Opinión

O fim do caciquismo

Dados os câmbios recentes na política ourensana, muitos meios de comunicação celebram o fim dos últimos restos de caciquismo na Galiza. Não me quero associar a esta celebração, de facto, se tal extinção ocorresse, o que para mim é um anúncio prematuro, considerá-la-ia mais um passo na desgaleguização do nosso sistema político e uma das muitas perdas que a nossa cultura sofreu nas últimas décadas. Em alguns escritos, aliás, considerei-o como a forma nacional de fazer política, ou pelo menos a que tradicionalmente melhor se adaptou à nossa formação social. Quem ler isto, provavelmente ficará espantado porque provavelmente nunca leu uma defesa de tal sistema nos meios de comunicação social, num livro ou num meio de comunicação sério e, imbuído dos preconceitos que de fora da Galiza, especialmente da capital do reino, ou dos sectores "iluminados" e "racionalistas" da nossa intelectualidade procuraram propagar contra tal forma de fazer política. Os caciques não têm institutos, universidades ou meios de comunicação para defender o seu modelo, enquanto os seus rivais tecno-burocráticos si o têm, e a batalha pela opinião está decidida de antemão. São semelhantes a outros discursos que denegriram a cultura galega, só que neste caso têm cumplicidades até nos sectores nacionalistas mais conscientes da cultura galega, sem perceberem, na minha opinião, que podem fazer parte da mesma estratégia, a de privar os galegos das suas formas de resistência política e subordiná-la também politicamente aos ditames dos aparelhos políticos dos partidos e governos centralistas, que vêem como uma anomalia uma forma de fazer política que não compreendem e, sobretudo, não conseguem controlar. Os académicos do clientelismo, que é a forma elegante de se referir ao caciquismo, argumentam que este não é necessariamente típico de sociedades atrasadas, mas sim de sociedades desconfiadas, ou seja, sociedades incapazes de uma ação coletiva consciente, quer devido ao desconforto com o sistema político, quer devido à dispersão geográfica ou à falta de uma cultura de participação.
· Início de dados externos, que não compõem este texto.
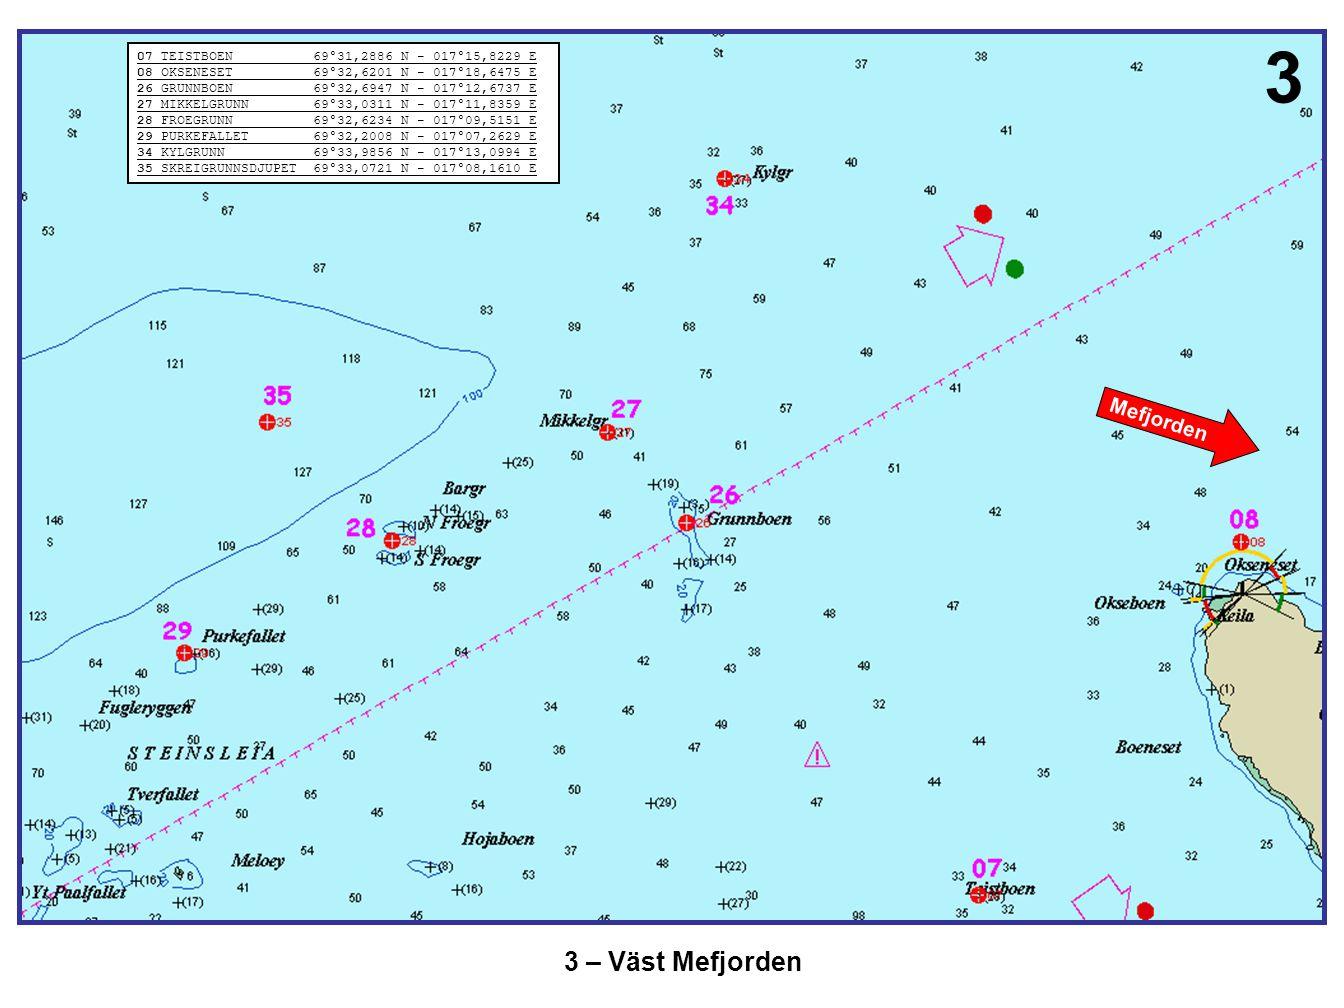 3 – Väst Mefjorden Mefjorden 07 TEISTBOEN 69°31,2886 N - 017°15,8229 E 08 OKSENESET 69°32,6201 N - 017°18,6475 E 26 GRUNNBOEN 69°32,6947 N - 017°12,67

De facto, este fenómeno verifica-se em povos longe de serem atrasados, como o Japão, onde se podem encontrar padrões políticos semelhantes aos nossos, especialmente nas zonas rurais. Implica também uma espécie de contrato em que o voto é dado em troca de uma contrapartida concreta, e não em nome de uma promessa vaga ou de um princípio abstrato. Acontece como no chamado carrejo, visto entre nós como retrógrado, mas que, quando os estrategas da campanha de Obama começaram a usar, recuperou subitamente prestígio e é agora ensinado nos cursos avançados de marketing político, embora com o nome de canvassing. Defender o caciquismo como forma galega não significa negar os seus problemas e disfunções, que tem, e são muitos. São frequentes os abusos de poder neste modelo, bem como as práticas de corrupção e todo o tipo de favoritismos na administração de bens e serviços públicos. A questão é que estes fenómenos também se verificam na política "racional" e técnica das chamadas democracias avançadas. Basta ver os problemas judiciais dos presidentes da moderníssima e republicana França para constatar que esta não é propriamente um paraíso de transparência e de boa governação. A diferença é que, neste último caso, ninguém pede a abolição total do sistema, sendo os fracassos atribuídos a disfunções específicas, ao passo que no clientelismo é o próprio sistema que não tem reparação. É talvez neste âmbito, pouco discutido além do tópico, que nós, galegos temos mais complexos e auto ódio, que, como bem sabemos, não se expressa só na língua ou na cultura mas em muitos outros aspectos da sociedade galega.